Email Me | Resume | Home Page | Publications | VB6 Code | Miscellaneous

Title Description (Page under Construction)
Some Introductory Comments about SAS...

Sas Introduction: SAS is statistical analysis software developed out of Cary, North Carolina. It has been around for years and probably is the largest supplier of statistical software in the nation. Some people use it but are not interested in its statistical capabilities. These individuals like the way SAS handles very large datasets and crunches a lot of numbers for reporting. Other people use it for modeling purposes. Some use it to develop and maintain a data warehouse.

SAS is primarily a command driven statistical programming language. It has something called PROCS that are typically short commands designed to do a certain task very quickly. There is a proc for just about everything - from printing to estimating a host of regression models. A good book for beginners The Little SAS Book - written by Lora Delwiche and Susan Slaughter. In addition to a lot of handy procs, SAS can be used as a flexible programming language. However, as a programming language, SAS will appear quirky if you are use to working in other languages.

The purpose of the following downloads is to give you some help in getting up to speed on programming in SAS as it relates to modeling. The code that follows was not written for efficiency's sake, but to illustrate concepts. As always, I have to say that these programs are without warranty and I accept no liability for their use or installation.

Calling SAS from VB6

Before we get started with the SAS stuff, there are times you may want to call SAS from a Visual Basic program. This is easy to do and can be done by leaving the user in SAS to examine the output, or you can do everything in the background and hide SAS completely. It's easy if you know how!

Summing Variables in SAS

One of the things SAS is quirky about is how you are forced to take a different appraoch in summing a column of numbers as opposed to other programming languages. This is because SAS automatically reads the rows or observations for you rather than you providing it with the code to do so like you would in Visual Basic and other languages. In order to sum a column of numbers, you need to use the RETAIN statement. This is highlighted in a simple example.

Reordering Variables

Its easy to reorder the variables in a SAS dataset if you know how. Simply use a RETAIN statement before the SET statement.

Handling Missing Data

You can use an ARRAY statement to quickly run through a dataset and substitute a selected value for missing information.

SAS Date Manipulation

Date manipulation can be tricky. Here is a useful programming example in SAS.

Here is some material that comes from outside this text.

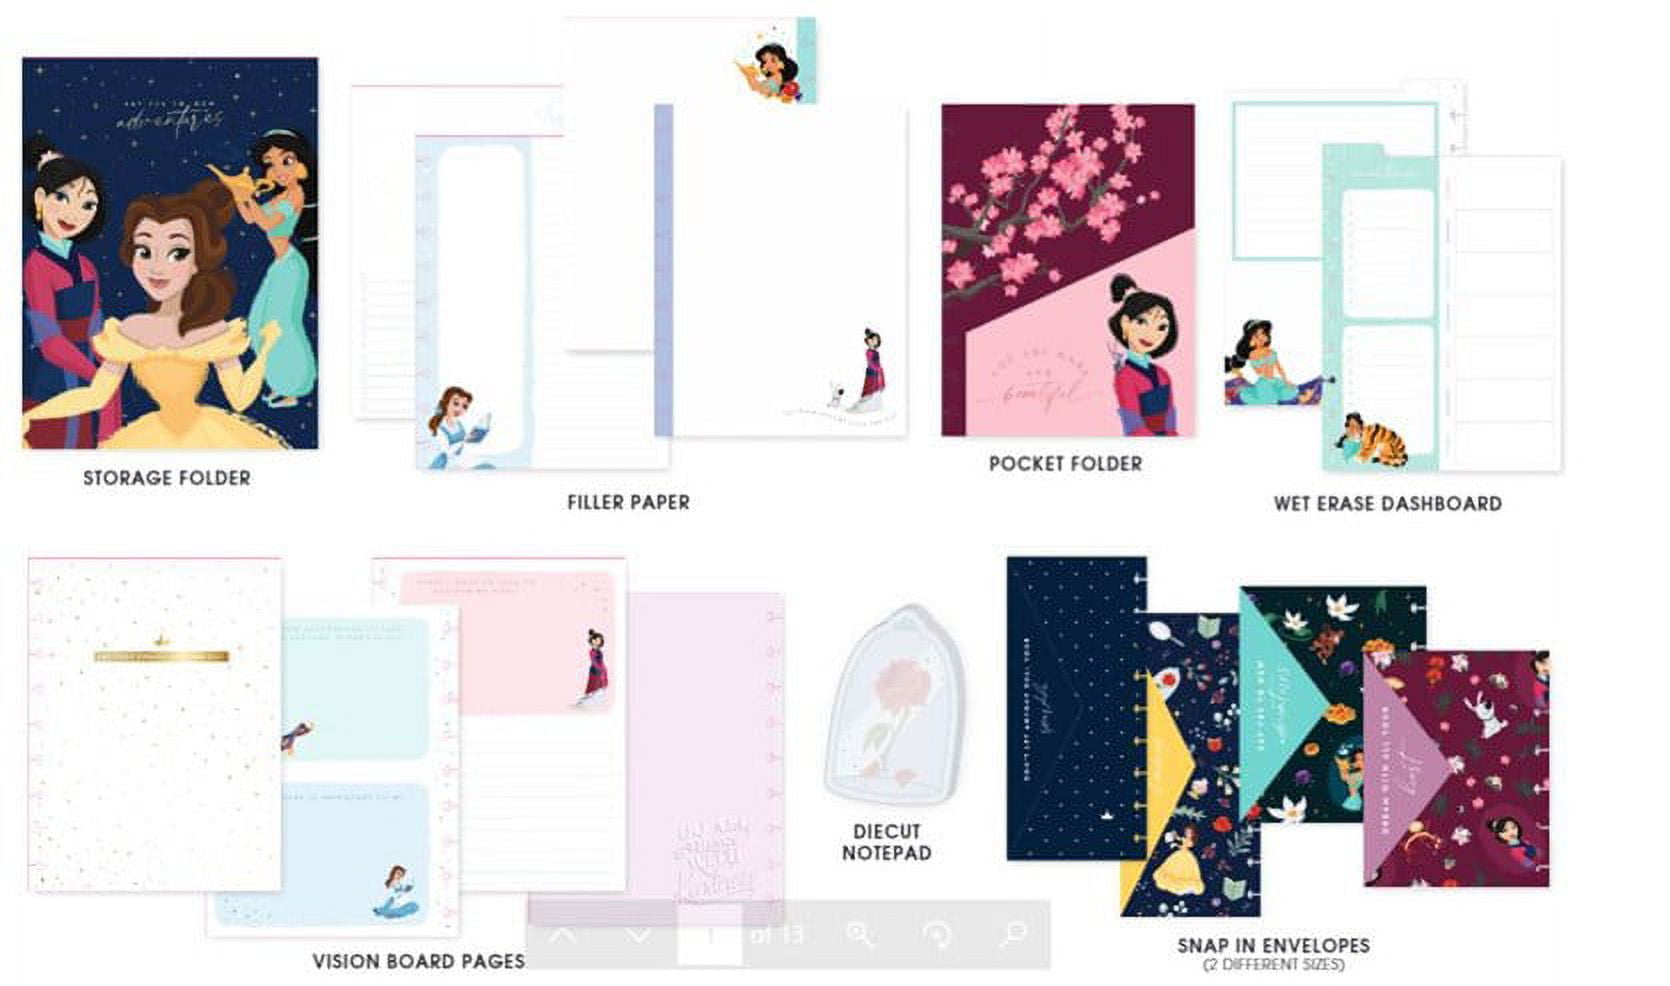 Disney © Princess Elegance Storage Box Kit - 3 Pack  The happy planner,  Sticker storage, Planner accessories
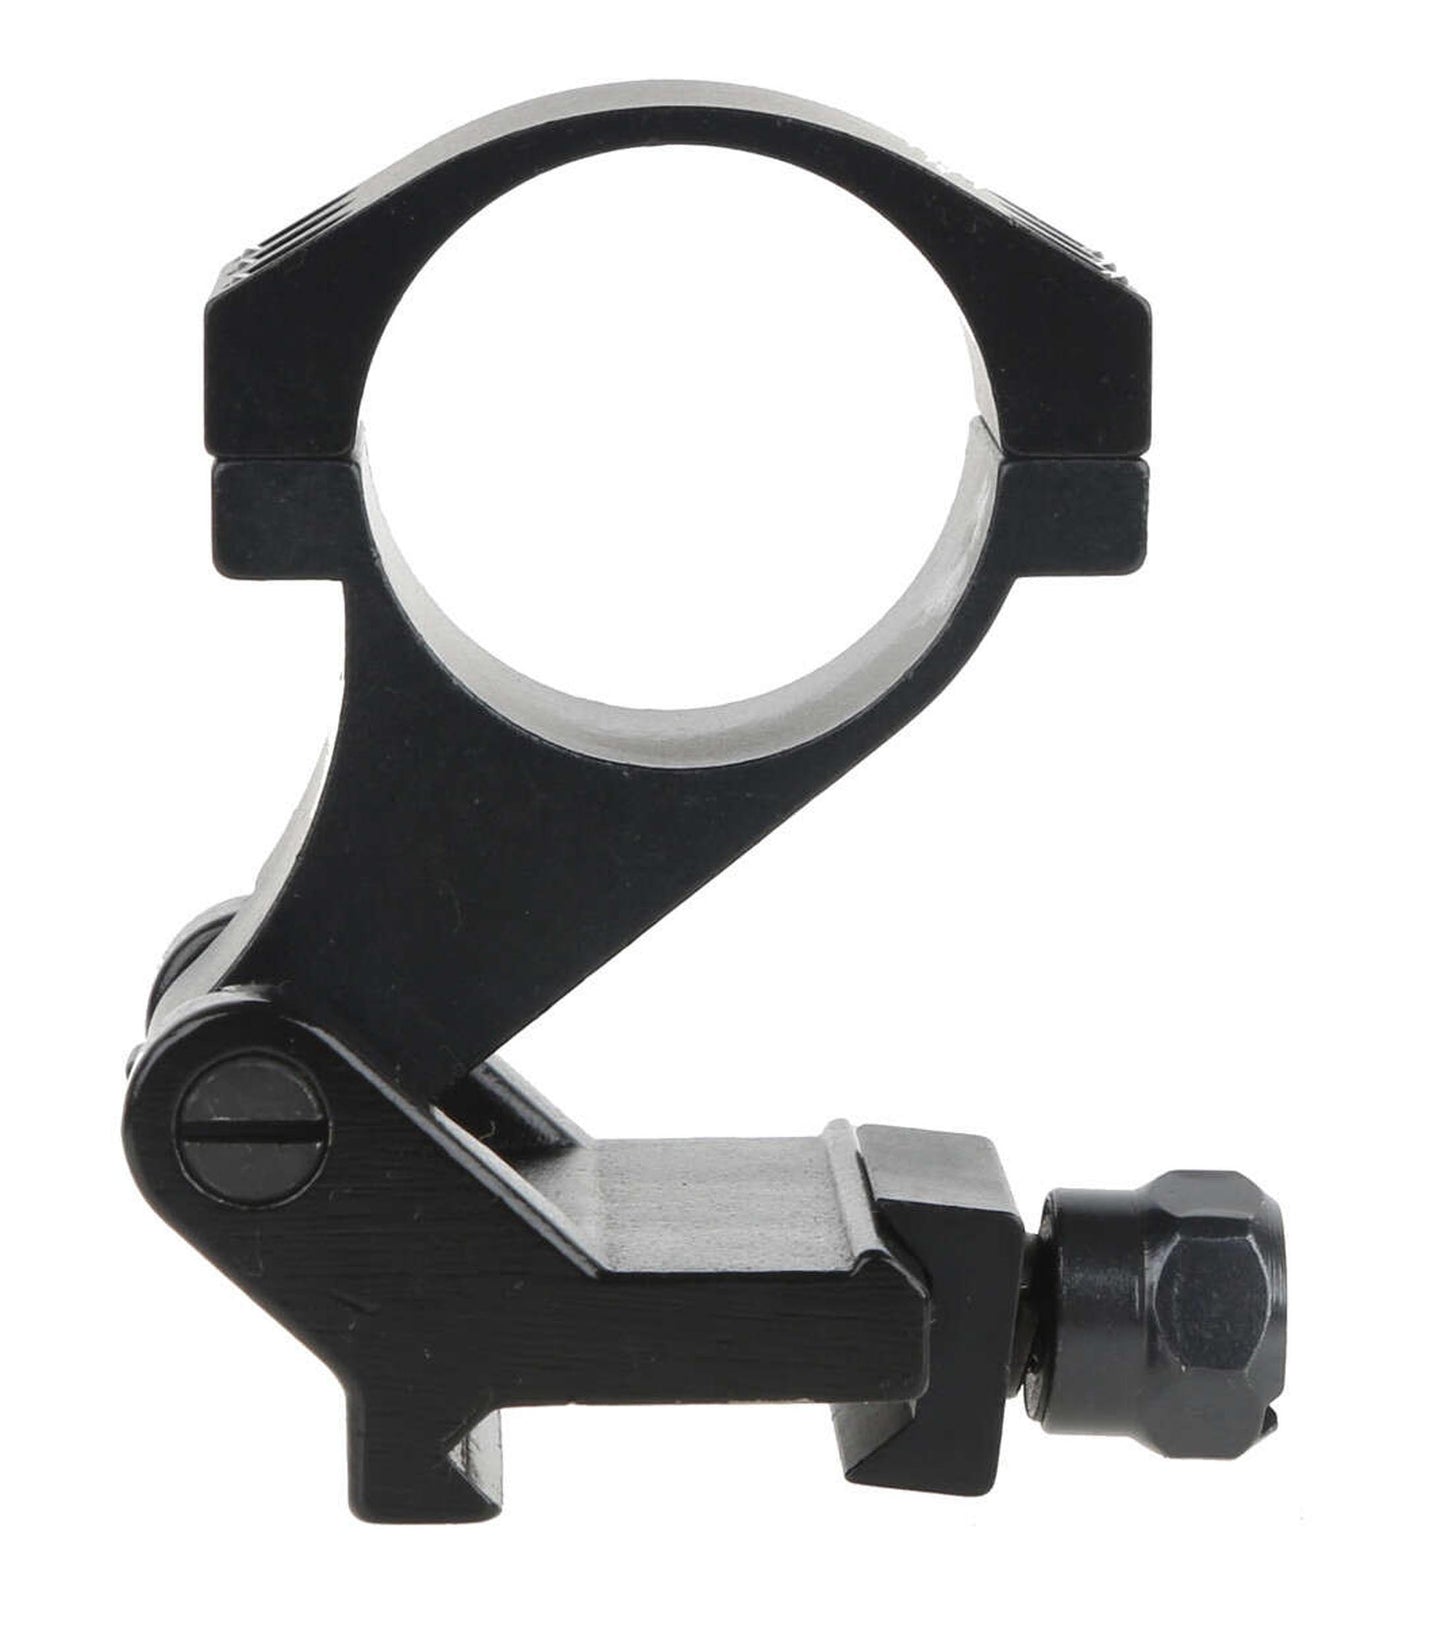 Montage Flip Up latéral diamètre 30 pour Magnifier Primary Arms-T.A DEFENSE

Numeric & Character Variables

Converting Numeric to Character values and vice-versa is easy if you know how.

Merging Datasets

Merging (joining) datasets together is easy using the MERGE statement along with the (IN=) statements. Be sure both datasets are properly sorted first.

Making .PDF Files

The ODS statement in SAS can make you a nice looking .pdf file for any output including graphs.

Simple Macro

This program shows you how to write a simple macro which is very similar to a subroutine in other languages where you can pass parameters. The secret to using a macro centers on the use of the "&" symbol where SAS uses it as a key to text substitution where it is dynamically resolved within the program.

Using SYMPUT in your Macro

In order to perform the same level of coding in SAS as you do in other porgramming languages, you need to understand the SYMPUT command. This command allows you to store information from the Data Step and hold it in memory. You really can't live without the SYMPUT command if your programming in SAS.

Removing 1st Character of Variable Name

When you do programming in SAS, sometimes you have to manipulate the names of the variables. This program drops the 1st character of the variable name for ALL variables in your dataset. This can be modified to other things very easily. SWEET!

Cross-Tab Macro

SAS can develop crosstabs easily through PROC FREQ and Tables command. Using these commands, you can print out a nice looking nXn matrix of counts and percentages. However, there is no super quick way to place this information in a SAS dataset unless you do a little programming with PROC TRANSPOSE and use something called the SPARSE command when you do PROC FREQ. Here is a macro that does all the hard stuff for you. Believe me, this will save you a great deal of time over the years!

Importance Ratio

Sometimes the analyst has the problem of having TOO many variables to work with. There are a number of alternatives in trying to condense the sheer volume of variables down to some managable number. You could perform some Factor Analysis on the data. A quick alternative, however, might be to calculate an index that measures the importance of the variable in relation to the dependent variable. This routine shows you how to calculate such a ratio that can be used in a univariate sense to trim down the number of variables for your regressions. The higher the 'importance ratio', the more predictive the variable from a relative perspective.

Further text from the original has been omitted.